Все эти факторы сыграли роль. Окончательная директива была дана в октябре-ноябре. Год назад уже после иранского удара решили всерьез готовиться. Сегодня можно в ретроспективе смотреть на все действия израильского руководства, я имею в виду лично Нетаньяху, обоих министров обороны, военного командования, предыдущего и нынешнего, в контексте того, что по большому счету решение было принято прошлой осенью. И очень многое было подчинено этой идее атаки на Иран, которая, вероятно, должна была быть реализована уже в конце апреля, но была отложена, видимо, из-за переговоров между Трампом и иранцами.

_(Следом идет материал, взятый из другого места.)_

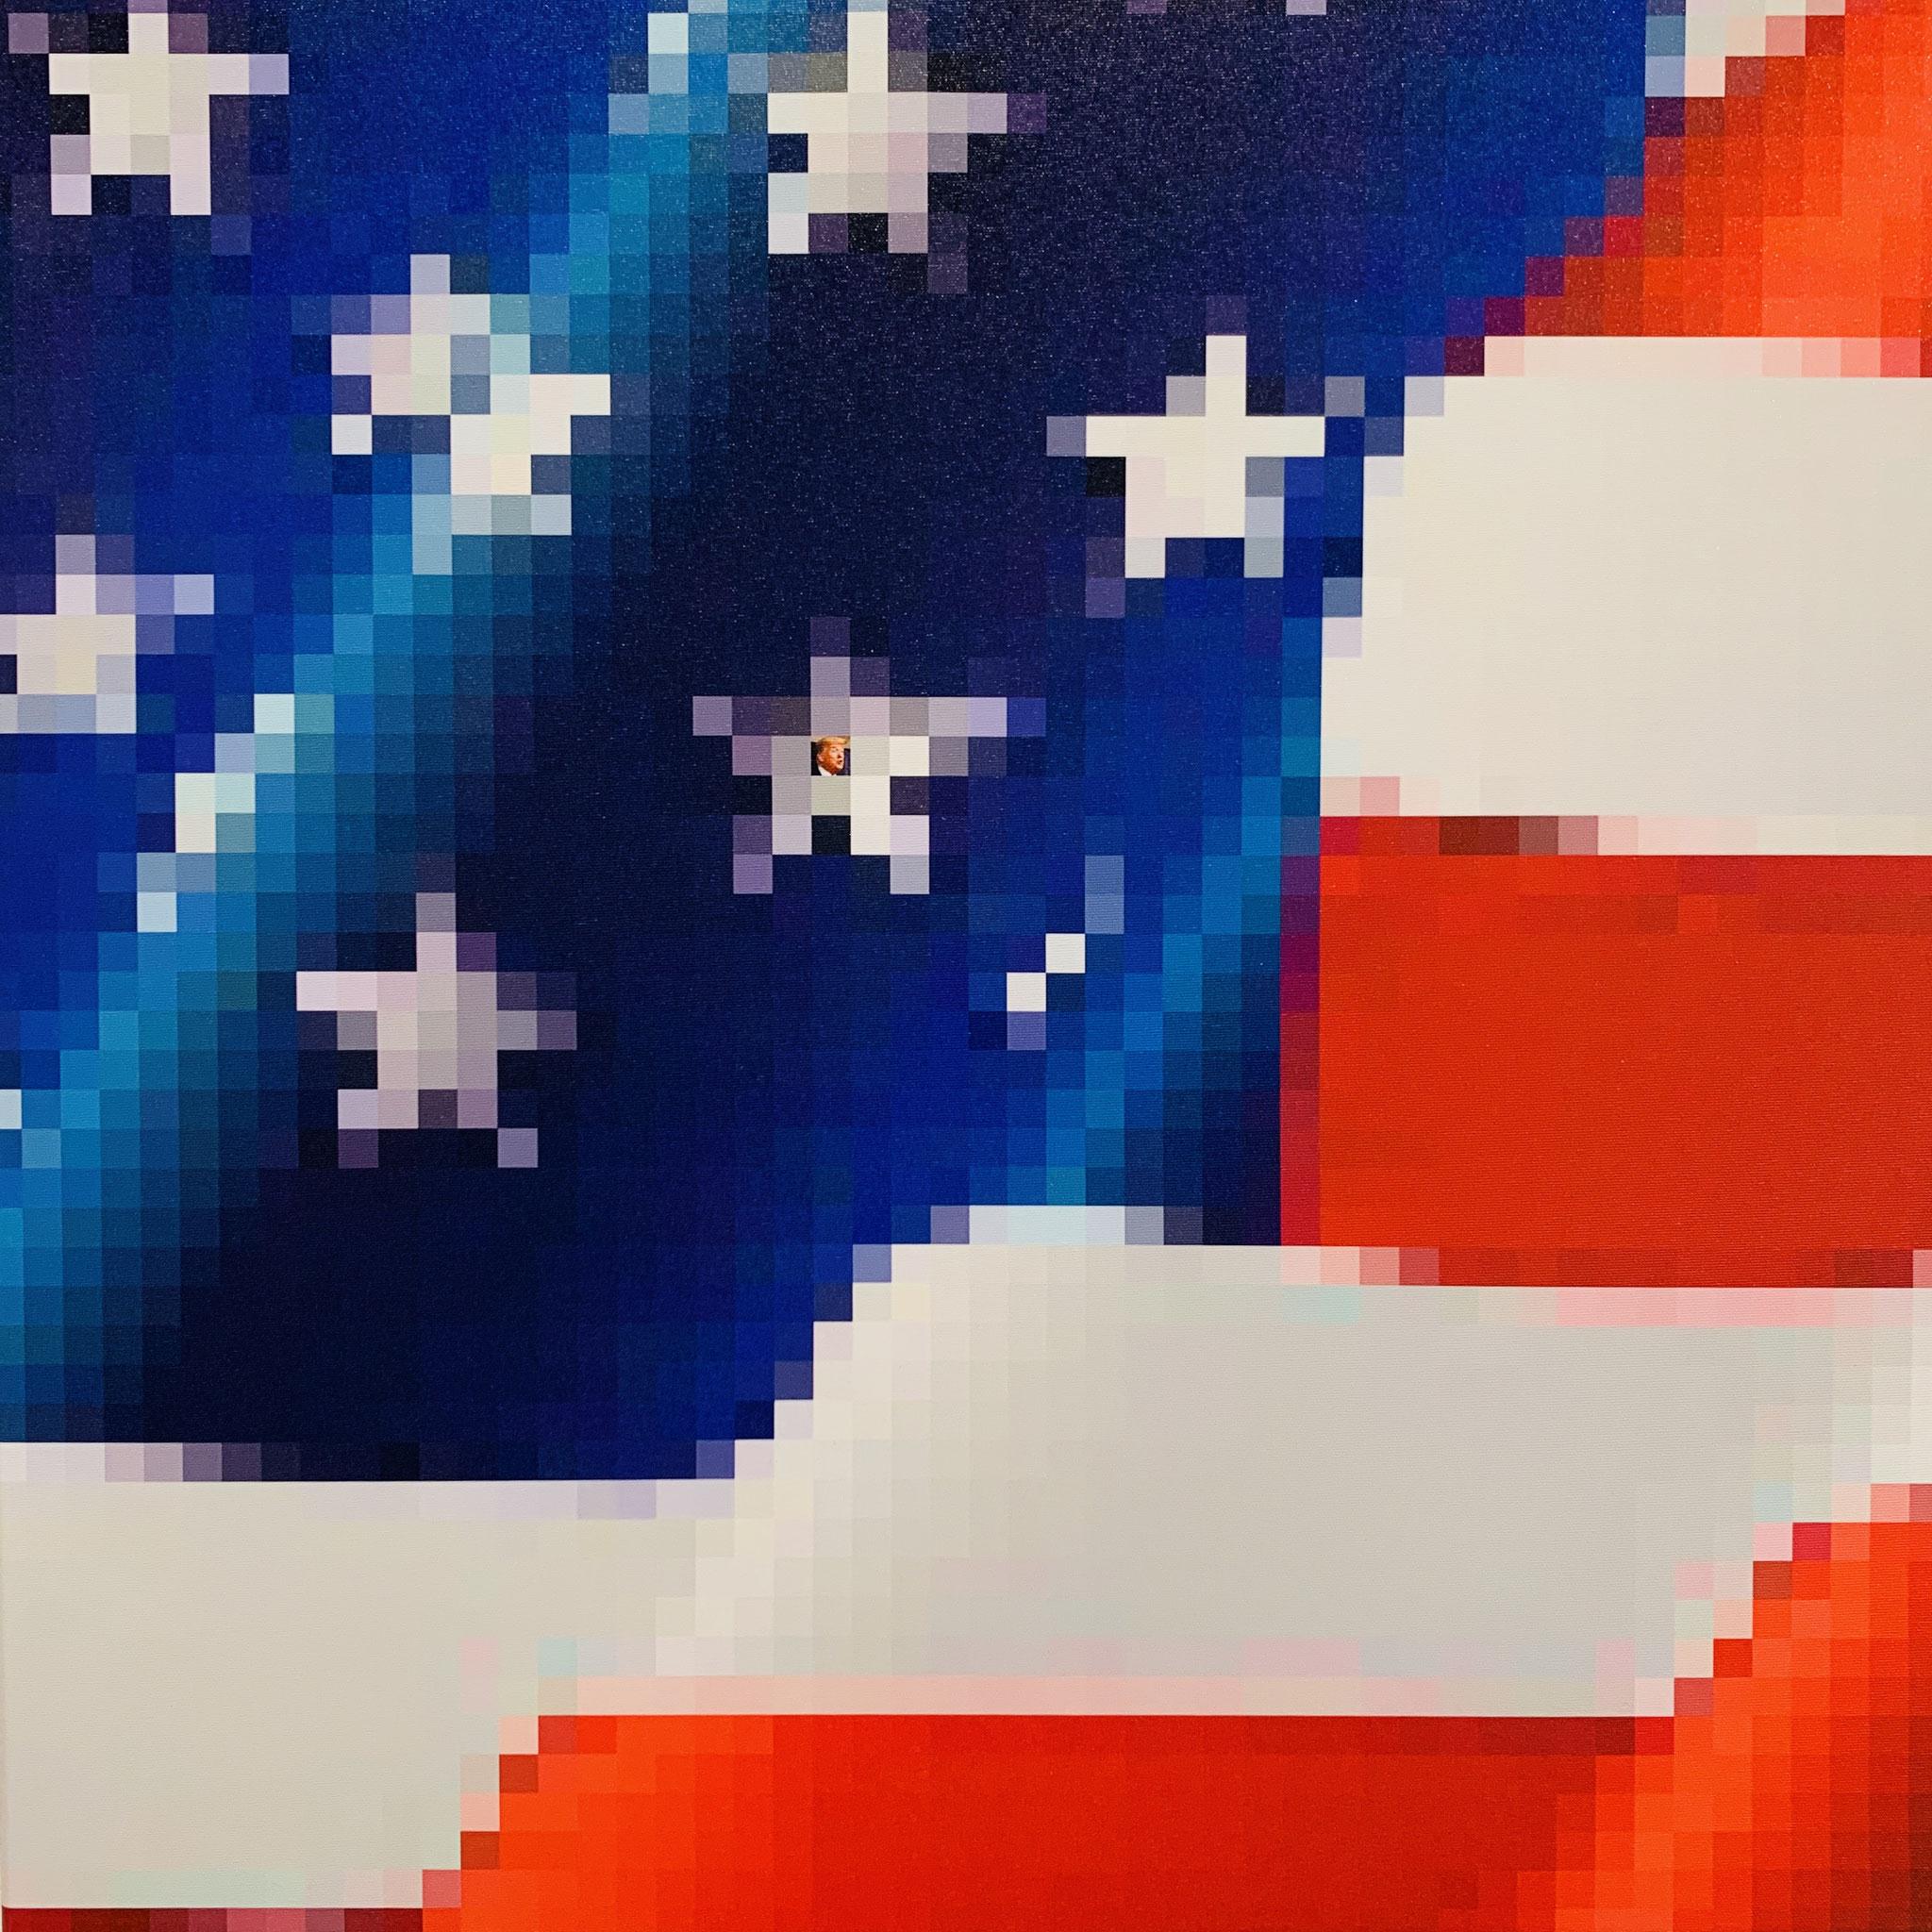 21. Klaus Ritt, Make Amerika great again, Digitaldruck auf Leinwand, 600 x 600, 2020, Preis auf Anfrage

Евгения Альбац: А куда девались, Давид, ракеты, которые были у «Хезболлы», эти многие десятки, если не сотни тысяч?
Давид Шарп: У «Хезболлы» было около 150 тысяч ракет и тяжелых минометных мин. Кроме тех, что «Хезболла» успела выстрелить, 70–75% ее потенциала ракет, беспилотников, крылатых и баллистических ракет были уничтожены на складах и на позициях благодаря разведывательной работе, проведенной на протяжении 15–17 лет, со второй Ливанской войны. Разведка не ела свой хлеб зря.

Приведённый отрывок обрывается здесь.